Before diving into crawling a website, we should develop an understanding about the scale and structure of our target website. The website itself can help us through their robots.txt and Sitemap files, and there are also external tools available to provide further details such as Google Search and WHOIS.

Checking robots.txt

Most websites define a robots.txt file to let crawlers know of any restrictions about crawling their website. These restrictions are just a suggestion but good web citizens will follow them. The robots.txt file is a valuable resource to check before crawling to minimize the chance of being blocked, and also to discover hints about a website's structure. More information about the robots.txt protocol is available at http://www.robotstxt.org. The following code is the content of our example robots.txt, which is available at http://example.webscraping.com/robots.txt:

# section 1
User-agent: BadCrawler
Disallow: /

# section 2
User-agent: *
Crawl-delay: 5
Disallow: /trap

# section 3
Sitemap: http://example.webscraping.com/sitemap.xml

In section 1, the robots.txt file asks a crawler with user agent BadCrawler not to crawl their website, but this is unlikely to help because a malicious crawler would not respect robots.txt anyway. A later example in this chapter will show you how to make your crawler follow robots.txt automatically.

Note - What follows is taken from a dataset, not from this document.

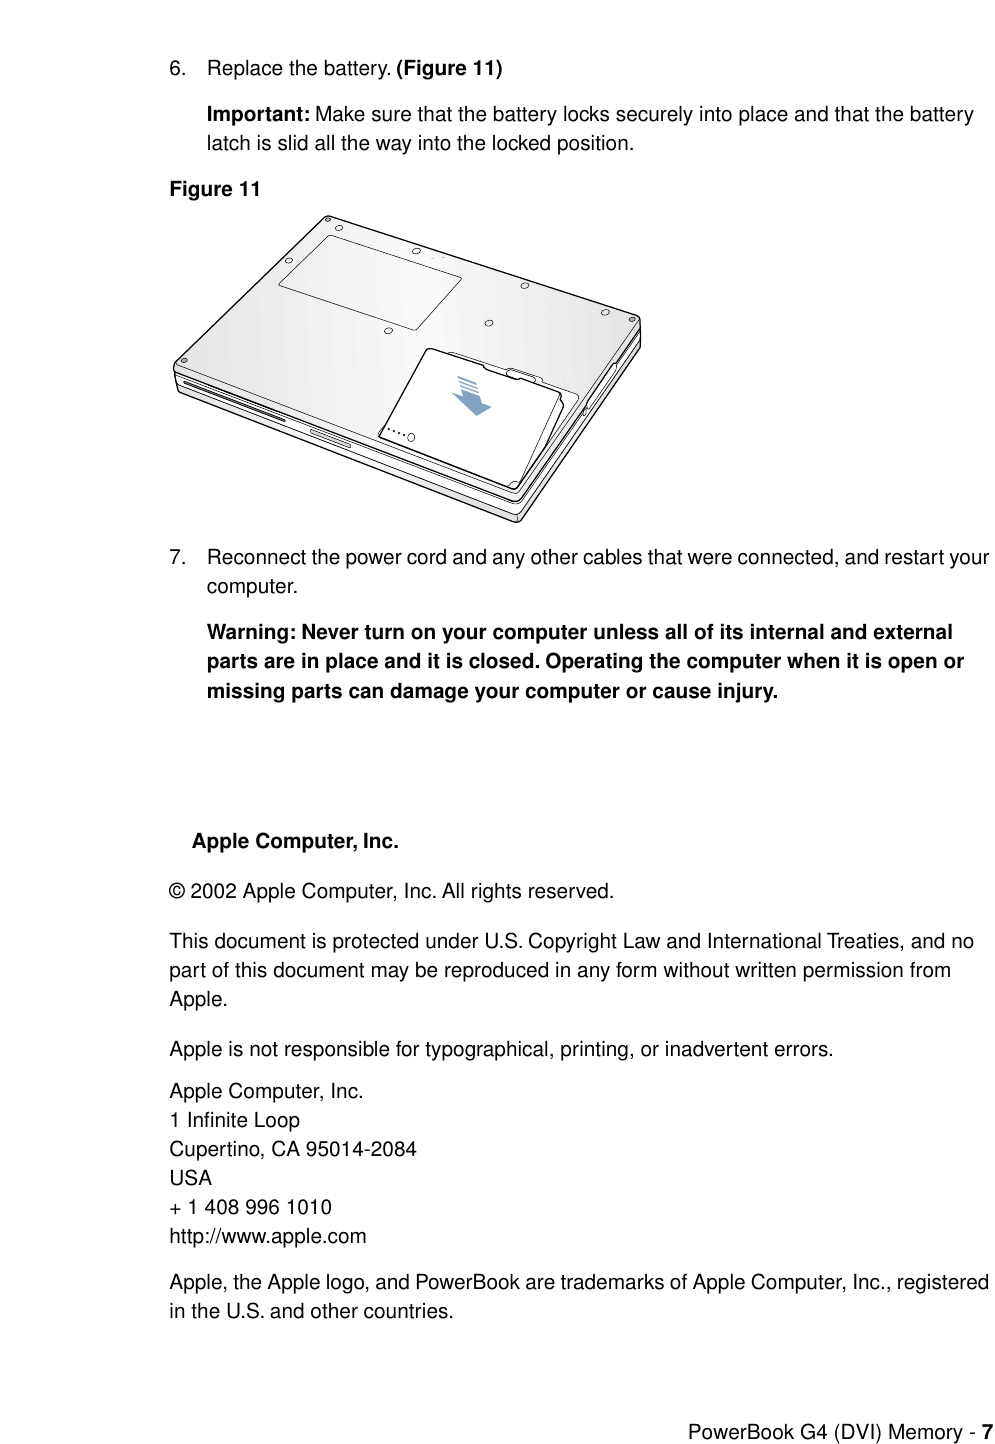 Page 7 of 7 - Apple PowerBook G4 (DVI) User Manual Power Book And (1GHz/867MHz) - Memory Card Replacement Instructions Pbg4dvi-mem-cip

Section 2 specifies a crawl delay of 5 seconds between download requests for all User-Agents, which should be respected to avoid overloading their server. There is also a /trap link to try to block malicious crawlers who follow disallowed links. If you visit this link, the server will block your IP for one minute! A real website would block your IP for much longer, perhaps permanently, but then we could not continue with this example.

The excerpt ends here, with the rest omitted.